A Colony formation showing that knockdown of LINC00518 expression in WM451 and A375 cells inhibited the invasion and proliferation of CMM cells, increased the radiosensitivity of cells, while overexpression of HIF-1α reversed this effect. Both 2DG and Santacruzamate A increased radiosensitivity, which was inhibited by HIF-1α overexpression or by upregulation of LINC00518 and HIF-1α in the CMM cells. B Immunofluorescence assays indicating that knockdown of LINC00518 expression in WM451 and A375 cells could induce structural damage of their nuclei under radiotherapy; however, HIF-1α could reverse this effect, while 2DG and Santacruzamate A offset the influence of HIF-1α. The histogram data for each group are an average of three independent replicates; bars indicate SD; *P < 0.05, **P < 0.01, ***P < 0.001.

Fig. 8. Effect of the LINC00518/miR-33a-3p/HIF-1α negative feedback loop on radiosensitivity in CMM cells in vivo.

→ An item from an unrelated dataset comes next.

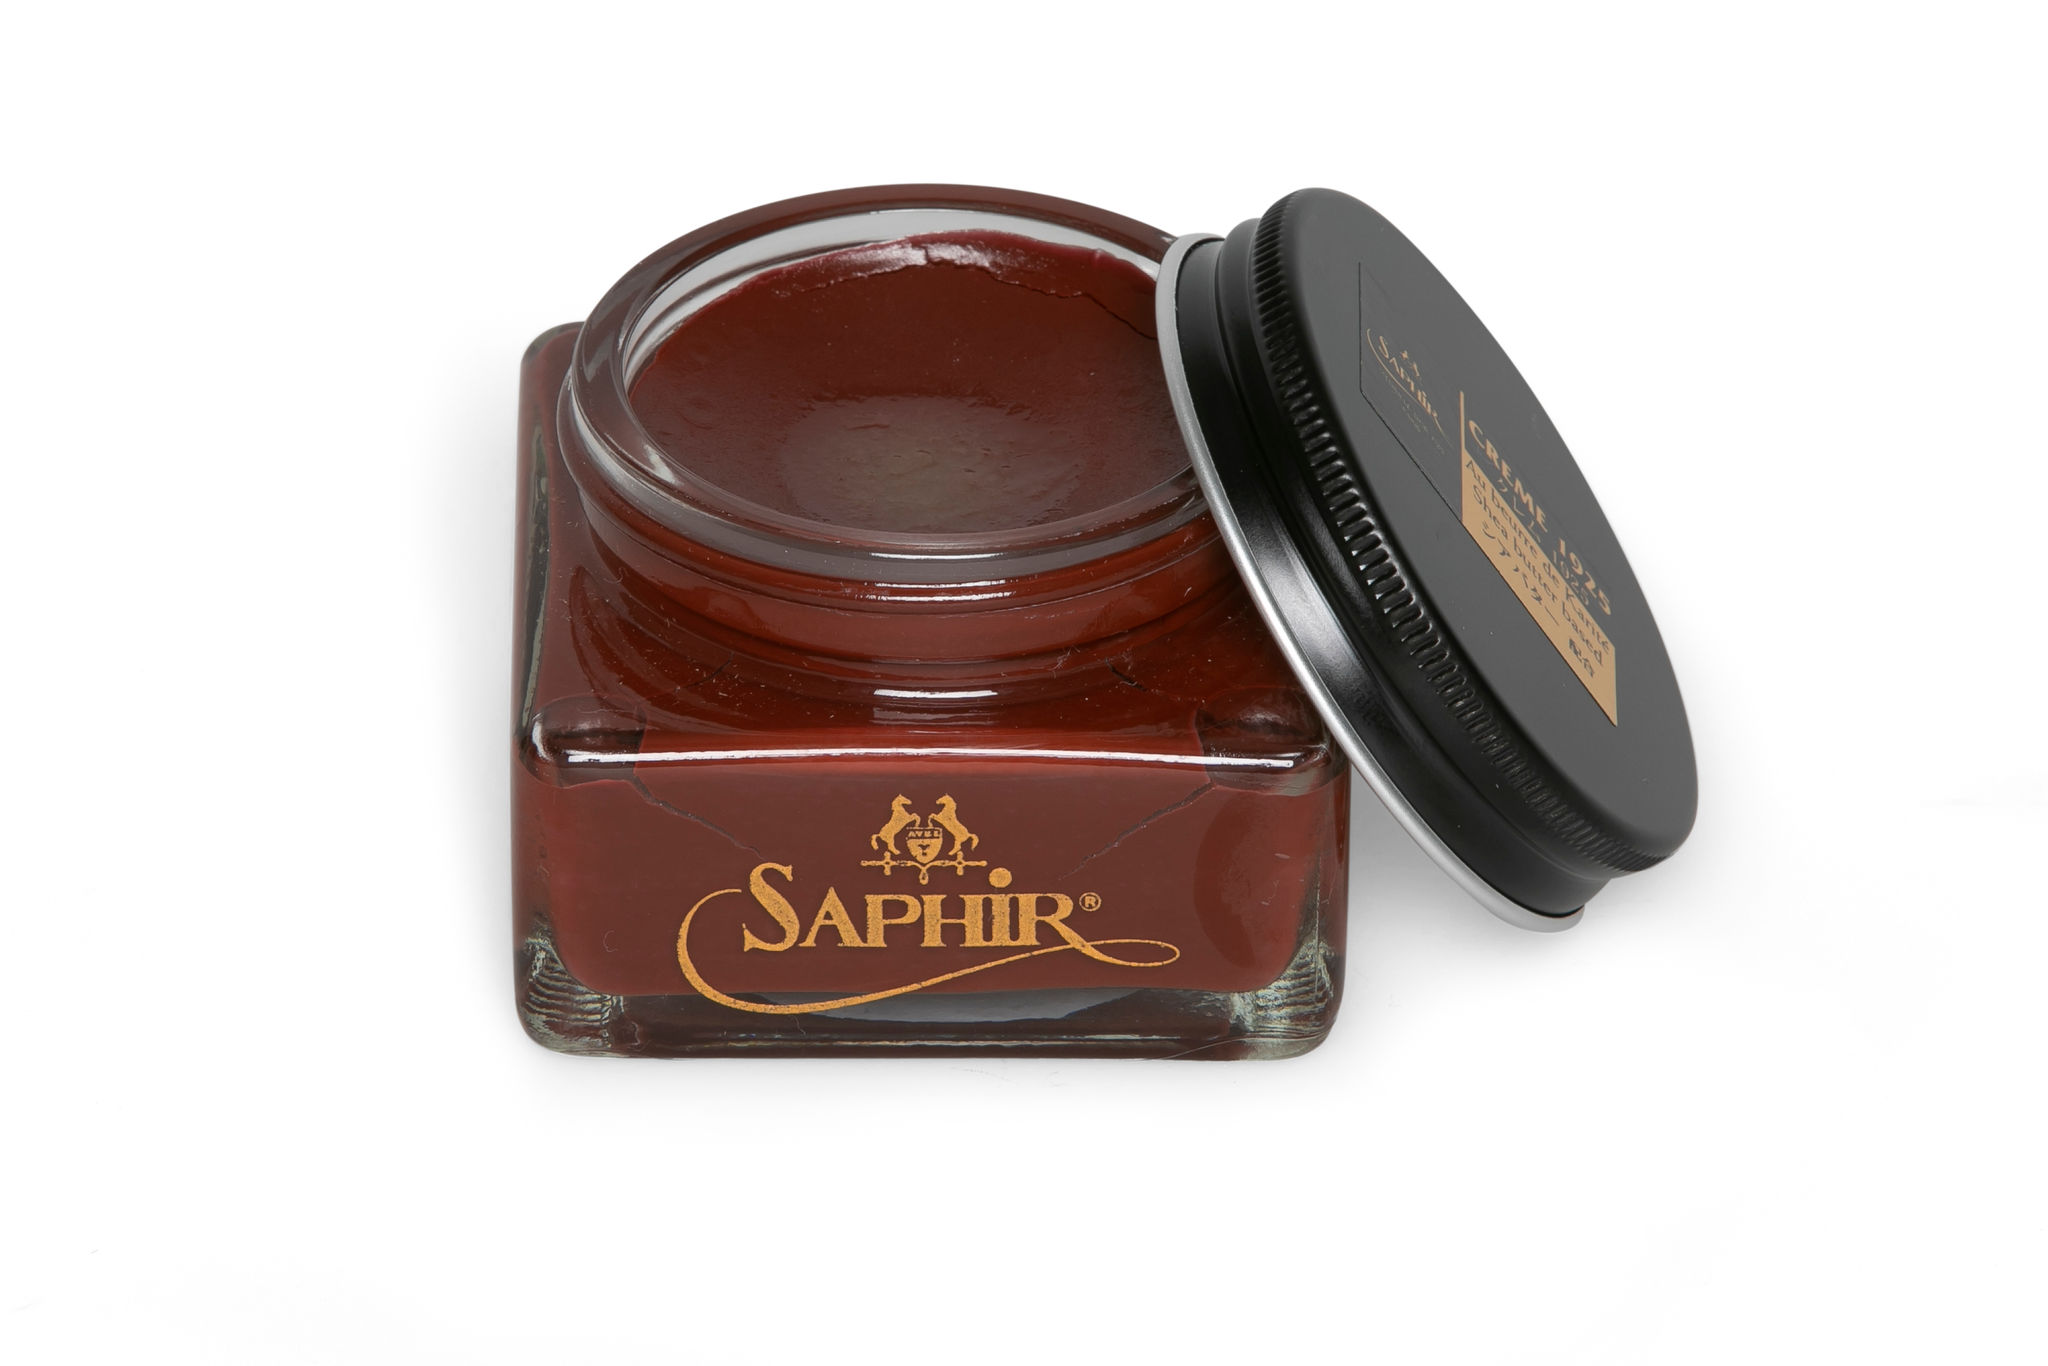 Saphir Pommadier cream in Mahogany colour for premium shoe care

A Transplantation tumor experiments showing that repression of LINC00518 expression using the shLINC00518 plasmid or treating the cells with Santacruzamate A reduced the tumorigenic ability and tumor volume of WM451 and A375 cells, thereby increasing their radiosensitivity as observed by reduced colony formation in the subcutaneous sarcoma model. B Immunohistochemical assays showing that knockdown of LINC00518 expression or treating the cells with Santacruzamate A decreased HIF-1α, Ki67, and LDHA protein levels in tumor tissues of mice. C Western blotting showing that LINC00518 expression or treatment of the cells with Santacruzamate A decreased HIF-1α and LDHA protein expression in tumor tissues of mice. D Schematic of this search. The histogram data for each group are an average of three independent replicates; bars indicate SD; *P < 0.05, **P < 0.01, ***P < 0.001.